Language technology is a part of Artificial Intelligence (AI) – a field of computer science developing systems capable of performing tasks that typically require human intelligence, such as learning, reasoning, and problem-solving. Language Technology (LT), in particular, is focused on understanding, interpreting, and generating human language. Language technology research is primarily conducted by researchers at Språkbanken Text unit.

Språkbanken Text

Språkbanken Text (SBX) is a part of Språkbanken, a national infrastructure for support of research based on language data. Here, open linguistic research data are developed, refined, and made accessible, with a particular focus on the Swedish language throughout history. Språkbanken Text develops and provides open digital research platforms, with the aim of supporting all types of research in which linguistic data play a central role. The unit also conducts its own research in language technology, including language-based AI, and participates in projects across other academic disciplines.

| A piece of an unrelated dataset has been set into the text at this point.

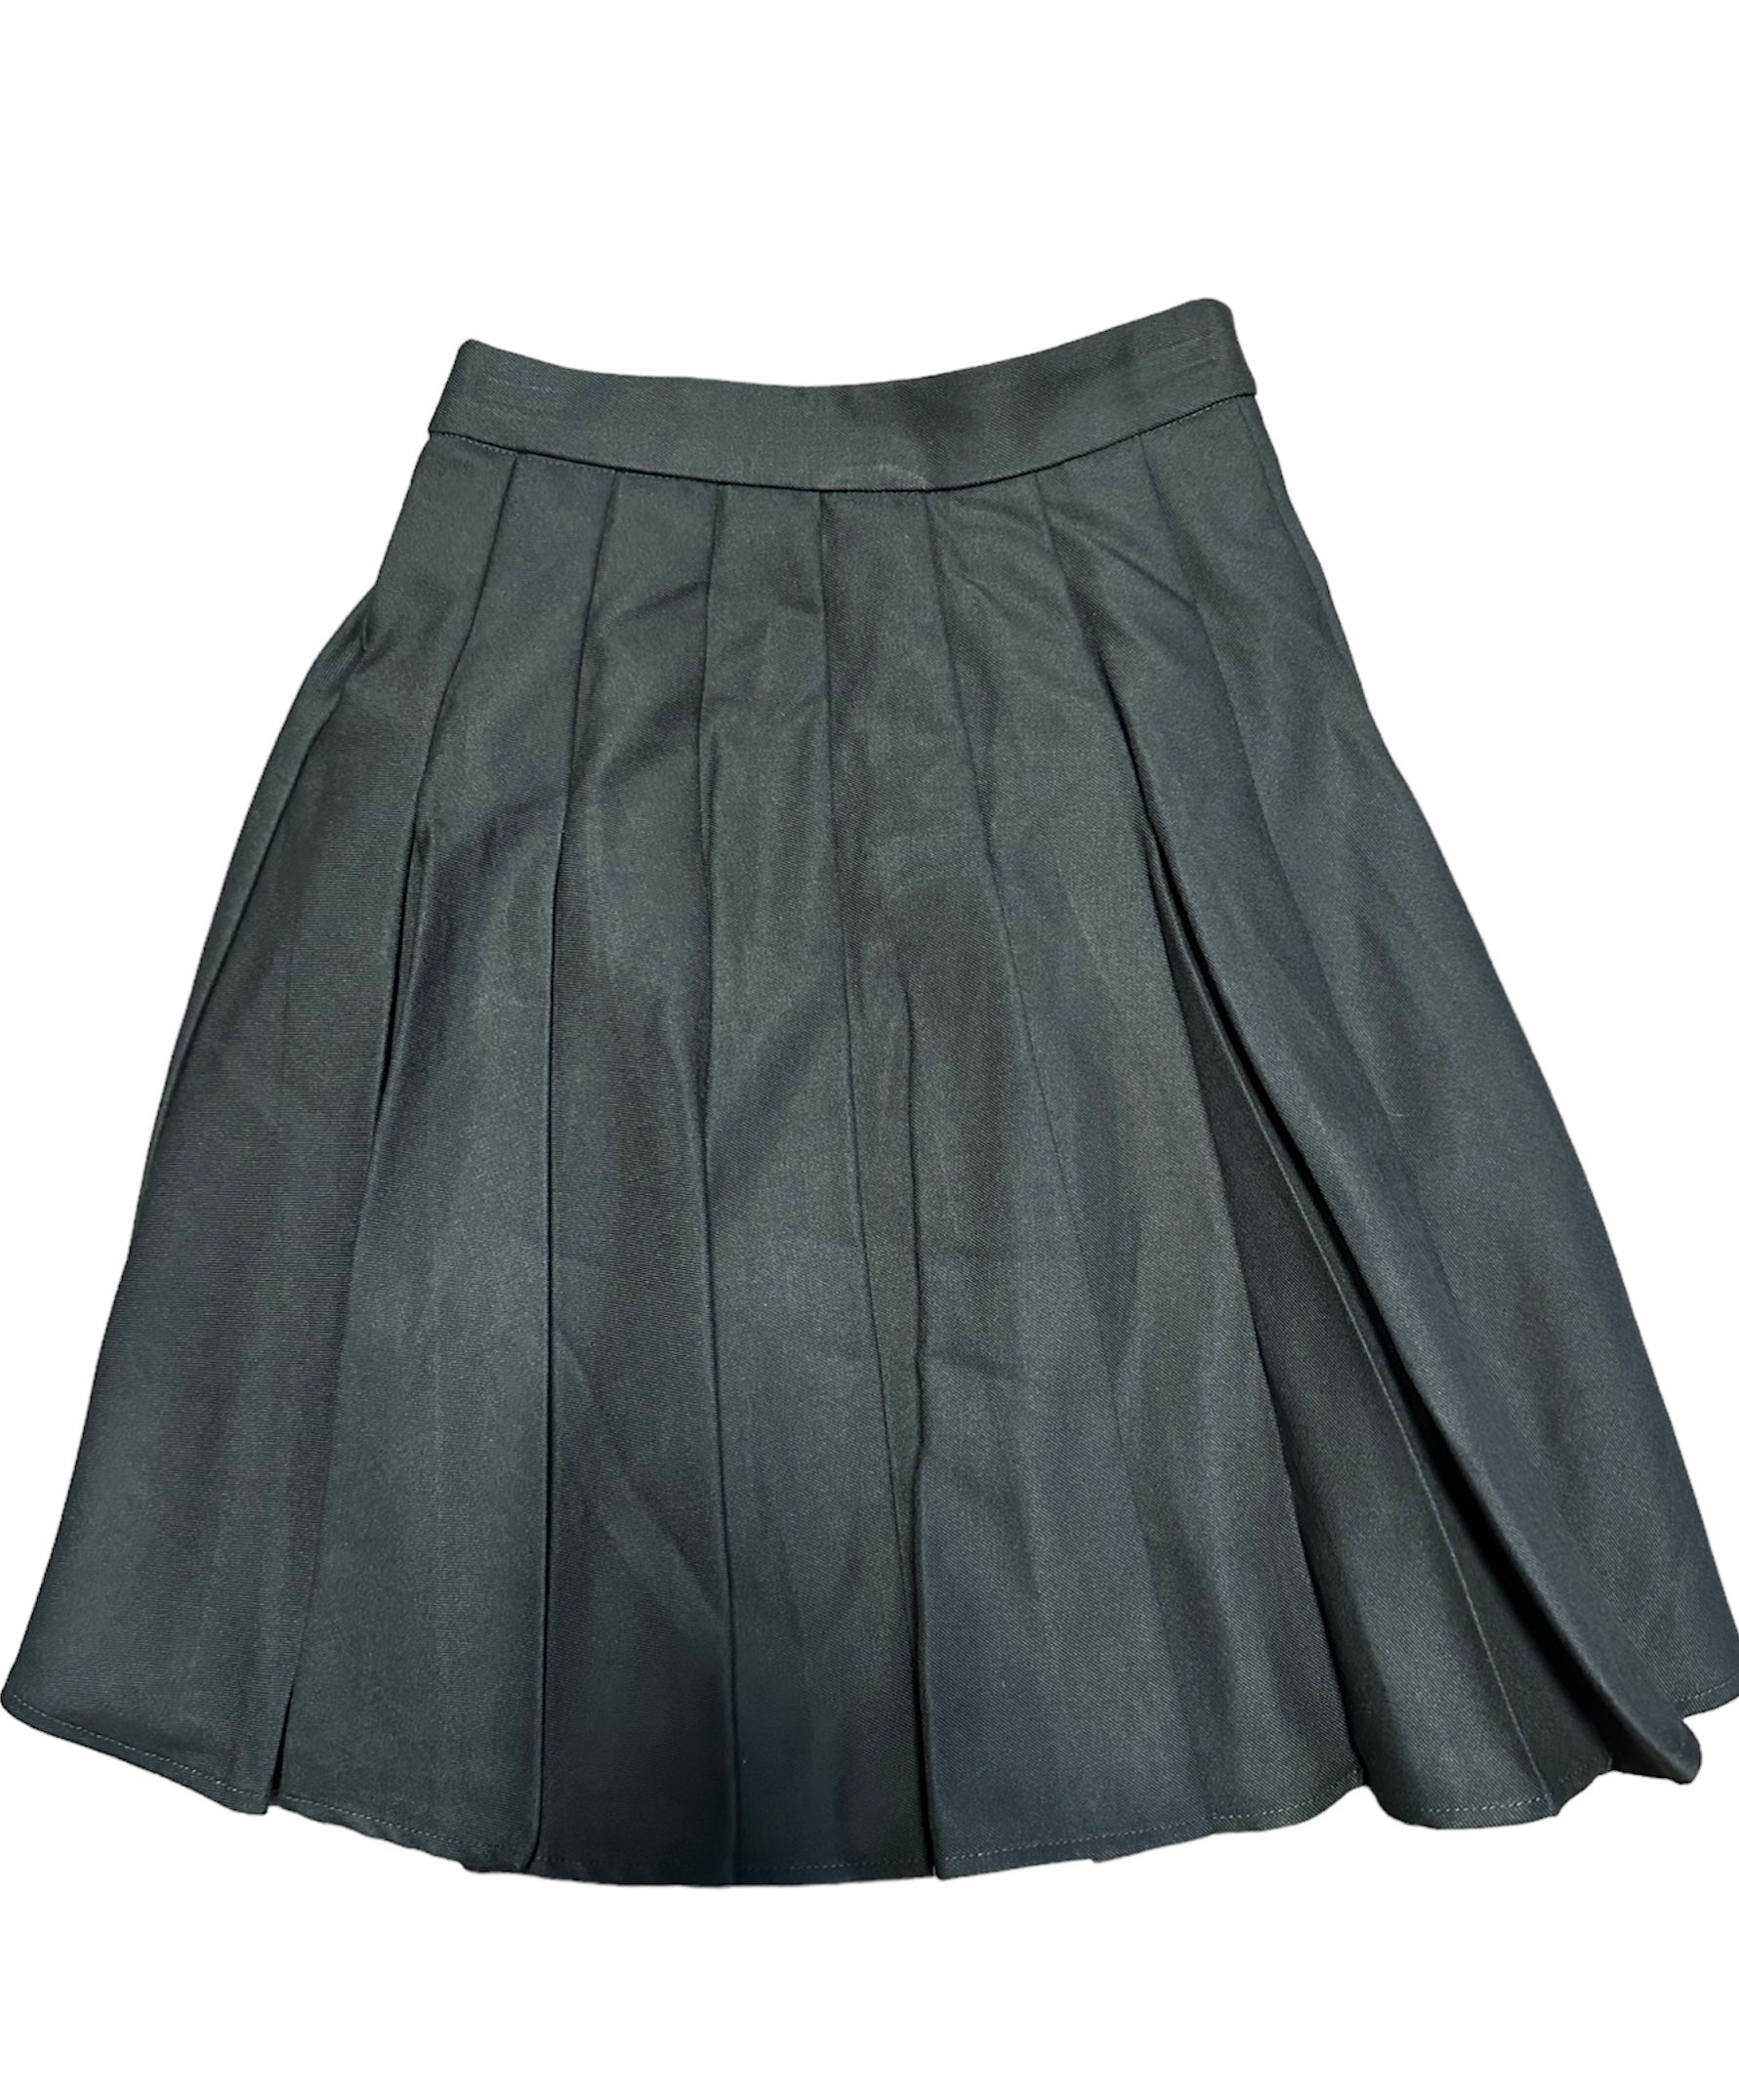 Belmont Skirt

Language Technology in practice

Language Technology plays an increasingly significant role in approaches relevant to research in the humanities – linguistics, history, sociology, political science, lexicography, literary studies, education and many others. Examples of well-known practical LT applications include Google Translate, ChatGPT, Grammarly, and other widely used tools such as Siri and DeepL.

Research at Språkbanken Text

Språkbanken Text primarily works to enable computers to process human language in textual form.  When language technology is applied to and integrated with the humanities – drawing on digital tools, computational methods, and large datasets – they give rise to what is commonly referred to as the digital humanities. Språkbanken Text research is strategically combining language technology research with research in digital humanities and related fields. Examples of projects pursued at Språkbanken Text include approaches to automatic pseudonymization; privacy, biases and fairness in AI; automatic detection of lexical semantic change; AI-based analysis of language data for insights into cognitive and health-related patterns; automatic analysis of learner language. Read more in Section Current research.

Research infrastructure and tools

Language technology relies heavily on advances in machine learning and the availability of large-scale digital data across a wide range of research domains.  Research at Språkbanken Text often generates novel linguistic resources, expert annotated datasets, models and tools that are made accessible for researchers and for the general public through the language technology infrastructure maintained at Språkbanken Text.

Оn Språkbanken Text's website, you can embark on a unique and exciting linguistic adventure by searching both the large Swedish collections of text using the Korp tool, the Swedish electronic lexicon using the Karp tool and a range of other platforms.

Seminar Series 

Språkbanken Text’s research forum

This forum is alternating language technology seminars open for everyone, paper- and proposal writing sessions for researchers and  PhD students at Språkbanken, and internal discussion meetings. Seminar talks are given by invited speakers, guest researchers, or Språkbanken Text’s researchers.

See seminar program

AI for the Humanities and the Humanities for AI, HumAI

The seminars are coordinated between two language technology (LT) groups at the departments of Philosophy, Linguistics and Theory of Science (FLoV), and Swedish, Multilingualism, Language Technology (SFS). The idea behind this initiative is to promote language technology and AI research among Humanities researchers at Gothenburg University, but seminars are open to anyone outside the university as well. The HumAI seminars take place once a month.

See seminar program

Current Projects

Here you can read about some of the projects being carried out by Språkbanken Text.

 

AI-driven language biomarkers for early detection and progression of cognitive decline

Language is a cognitive function often impacted in early cognitive decline, potentially signalling earlystage dementia. Yet, despite extensive research, subtle linguistic markers in at-risk individuals remain poorly understood, highlighting the need for new investigative approaches. We propose integrating speech and language analysis with neuropsychological tests and biomarkers, using largescale, clinically validated datasets for robust, scalable analysis.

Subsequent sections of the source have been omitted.